Halloween was different 100 years ago.

In the fall of 1918, World War I was nearing the end. As children looked forward to the Halloween season, a real horror appeared around the world including Arizona. The Grim Reaper that would be known as the Spanish flu. This 1918 influenza pandemic would kill over 50 million people before it subsided in 1920. One of the deadliest natural disasters in human history. October of 1918 was the worst month for deaths.

  In early October, states and many cities and towns around the country including Arizona enacted strict quarantines to prevent the spread of the flu. Schools were closed and parents were told to keep their children off the streets. On Oct. 9, the Arizona Republic newspaper reported:  Tucson now closed up. Following the discovery of 27 cases of Spanish influenza here today, acting Mayor Bernard tonight issued a proclamation closing all theaters, schools, churches, pool halls and other public places until further notice.

  Towns such as Jerome, Prescott, Kingman, Clarksdale, Morenci, Metcalf, Clifton, Superior, Hayden, Winkelman Ray/Sonora and Prescott posted armed guards at all entry roads and prevented anyone from leaving or entering town. Public funerals were forbidden as were any public gatherings.  The quarantines would be modified as time passed. Some towns lifted the quarantines then reinstated them as more cases of the flu were reported. As Halloween approached, children were hopeful that the quarantine would be lifted but that would not happen.

  Halloween in most of Arizona would only be celebrated at home. No big parties were allowed and there would be no trick or treating. On Halloween night 1918, some kids went out into the night and although they could not get any candy treats, they still found they could play some tricks. In Phoenix, newspapers reported that kids had barricaded streets, upended signs and pulled up street signs and pulled three fire alarms. Firefighters had showed up to find no fires in progress. A fourth alarm appeared to be true as when firefighters showed up they found a vehicle on fire. The fire was probably set by frustrated kids unable to celebrate Halloween.

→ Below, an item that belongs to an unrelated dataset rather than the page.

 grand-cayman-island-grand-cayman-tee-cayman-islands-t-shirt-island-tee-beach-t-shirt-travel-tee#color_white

In Hayden boys barricaded some of the streets and carried garbage cans and placed them on the front doorsteps of some of the homes.

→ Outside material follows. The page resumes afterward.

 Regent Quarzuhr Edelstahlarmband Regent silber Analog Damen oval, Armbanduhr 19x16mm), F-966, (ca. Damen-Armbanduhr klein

  On Nov. 11, 1918, in the town of Prescott, the quarantine could not stop a celebration which was described as “the 4th of July, Frontier Days, New Years, Halloween and street fair all combined.” It was the first Armistice Day a celebration of the end of World War I. Despite the prohibition law, liquor flowed freely. Fireworks were shot off and there was dancing in the streets.

  In December the quarantine was finally lifted. The city government of Douglas made an ordinance that everyone out on the public streets of town must wear a gauze flu mask. Anyone not wearing one would be arrested. It is estimated that 6,000 Arizonans died from the Spanish flu in 1918. For many families it was a bad year and an All Hallow’s Eve to be forgotten.